Your answer should hold exactly the lines below from the line with "По словам Александра" through the line with "Azerbaijan Airlines 4K-AZ81", both included, and no pictures at all.

▶ _Records for this exercise_:
Content starts

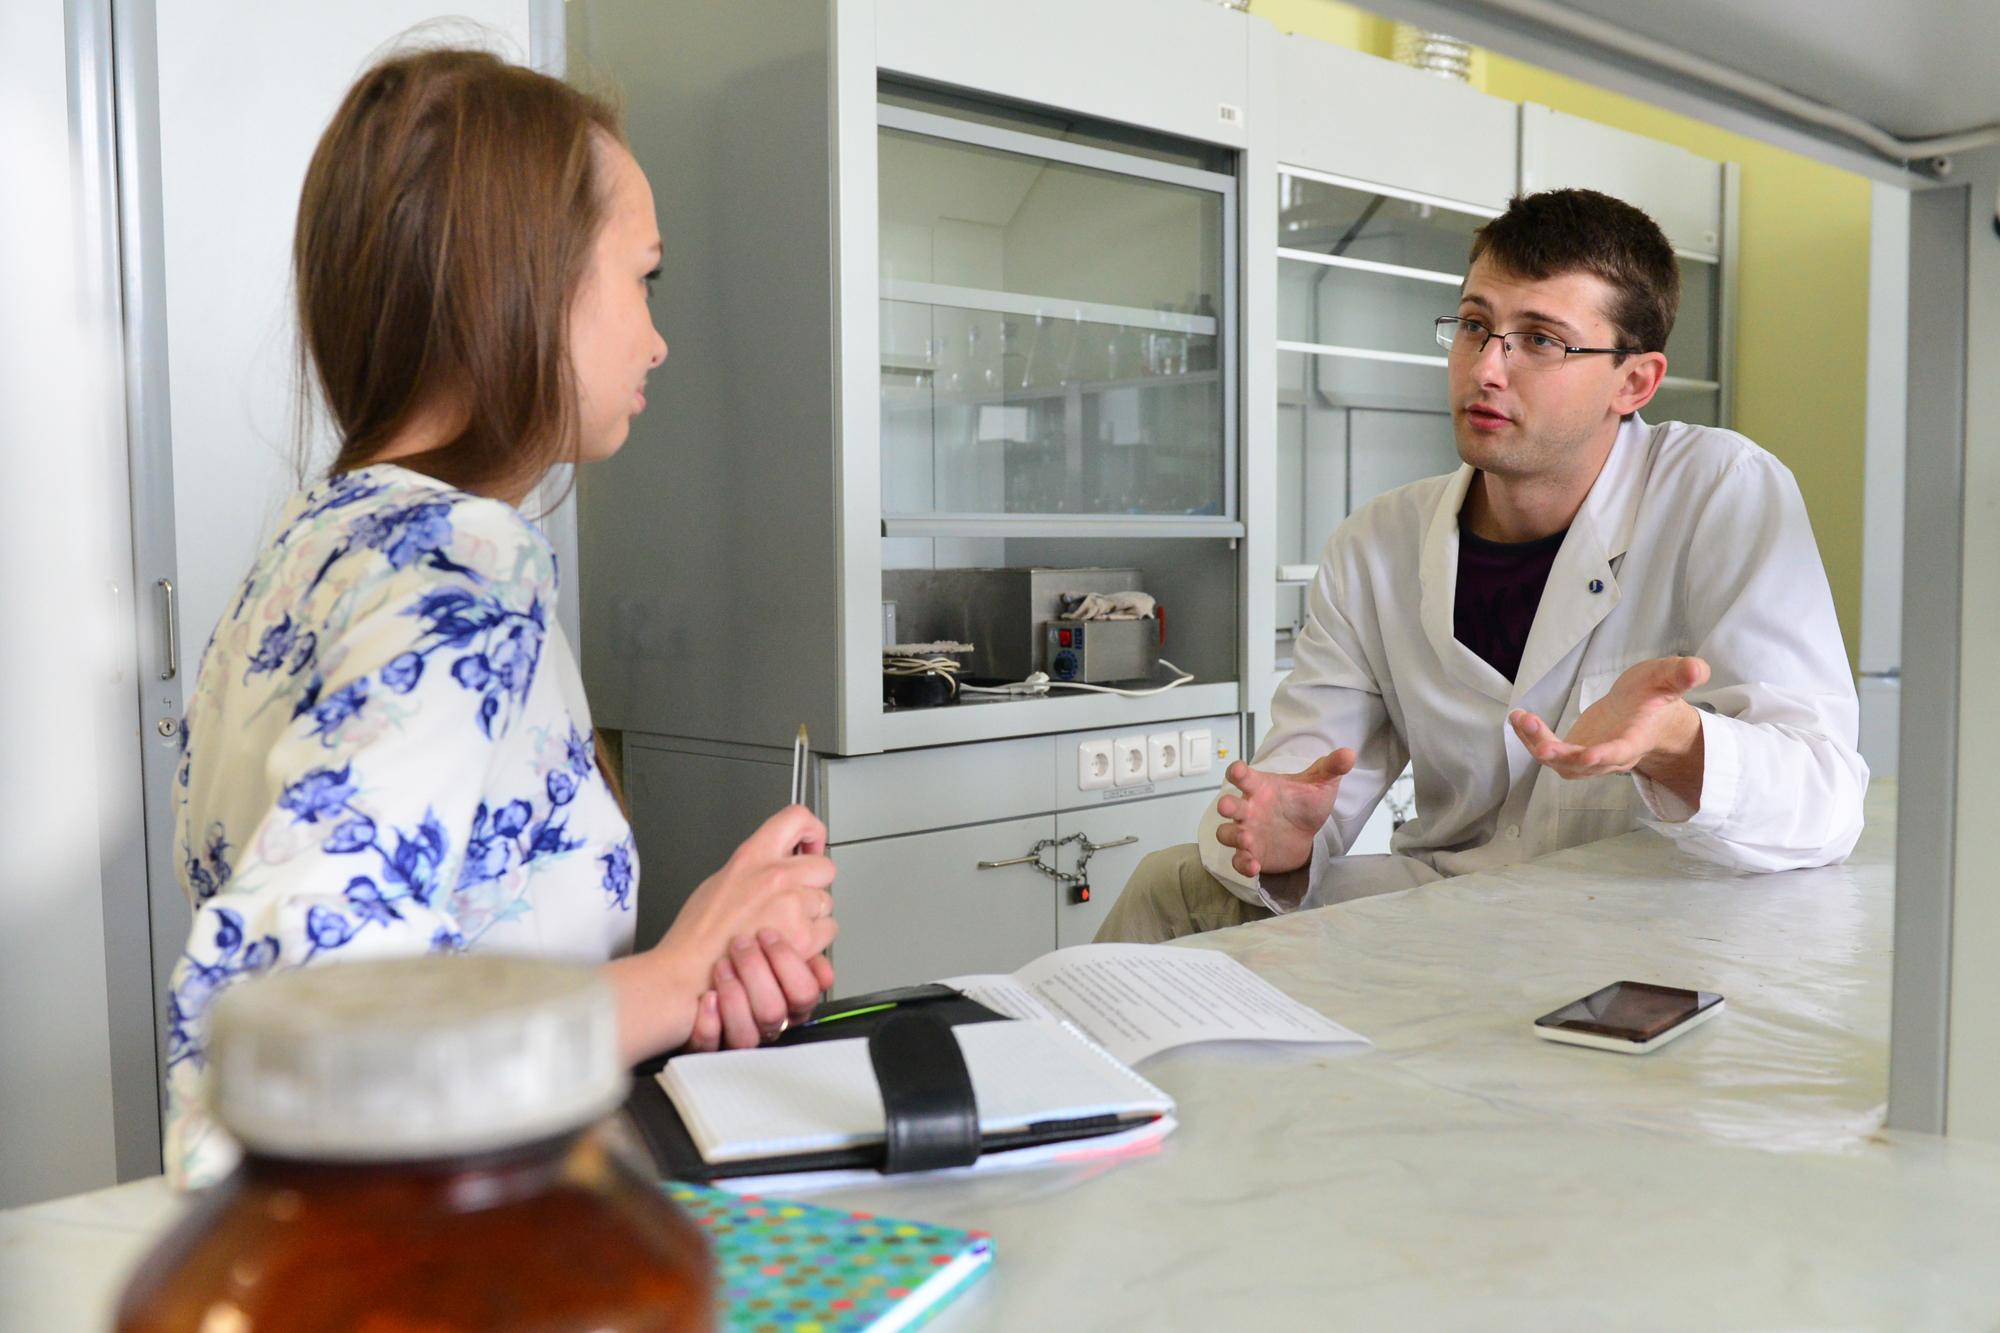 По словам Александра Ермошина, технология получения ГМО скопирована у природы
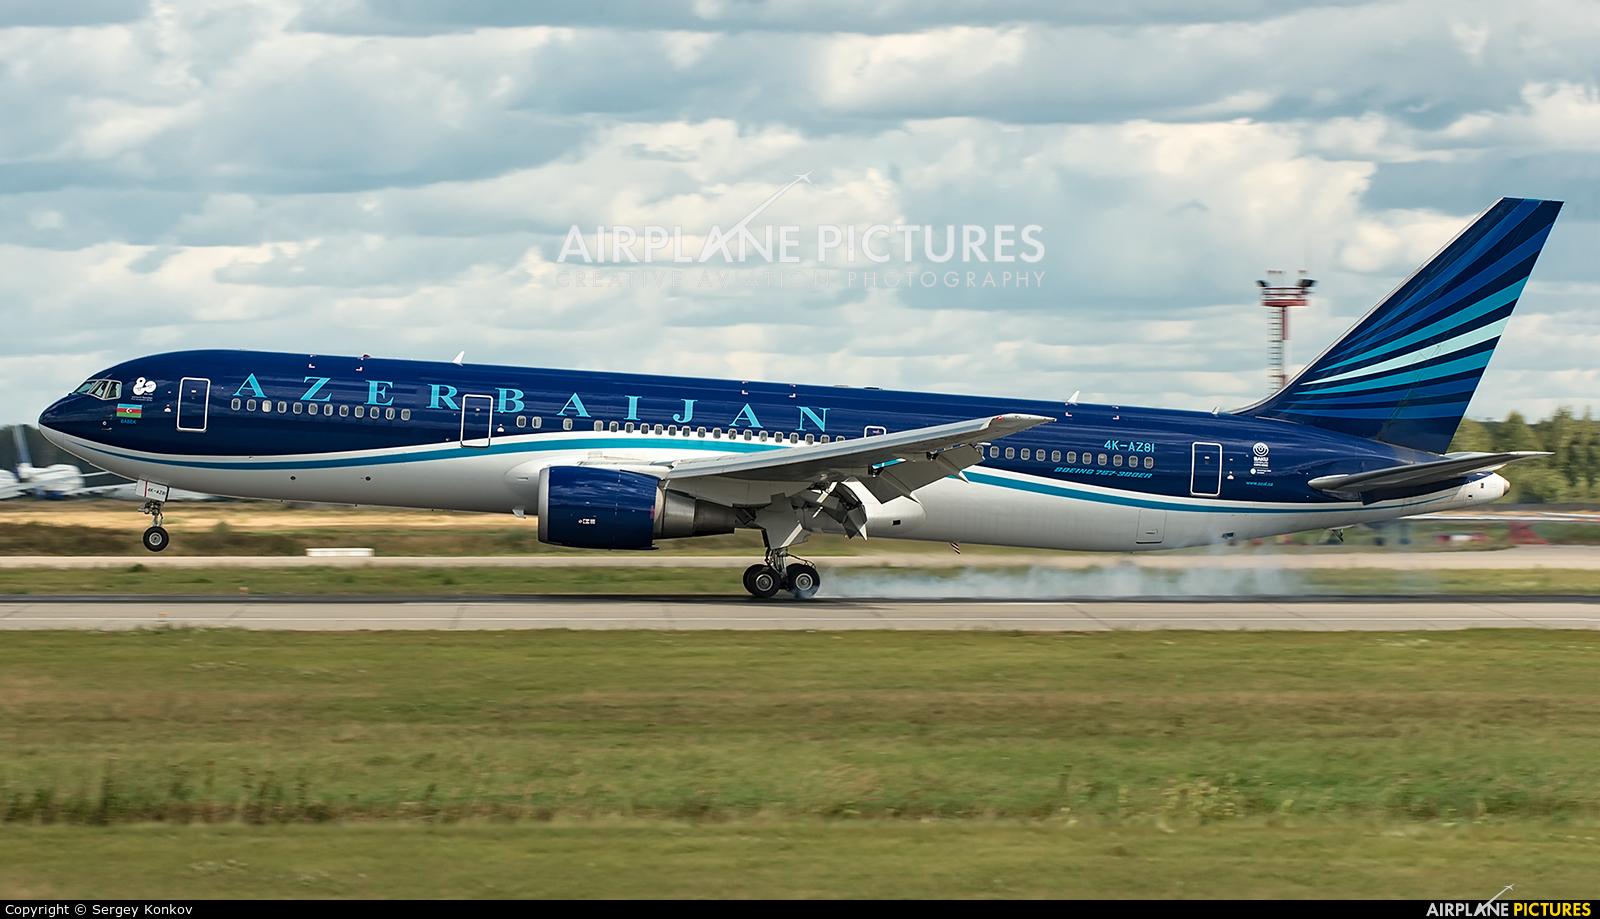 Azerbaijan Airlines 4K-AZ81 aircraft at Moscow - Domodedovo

Content ends
Content starts

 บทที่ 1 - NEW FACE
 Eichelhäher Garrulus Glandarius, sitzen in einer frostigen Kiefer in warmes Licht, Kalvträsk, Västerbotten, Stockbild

Content ends

▶ _Result_:
 По словам Александра Ермошина, технология получения ГМО скопирована у природы
 Azerbaijan Airlines 4K-AZ81 aircraft at Moscow - Domodedovo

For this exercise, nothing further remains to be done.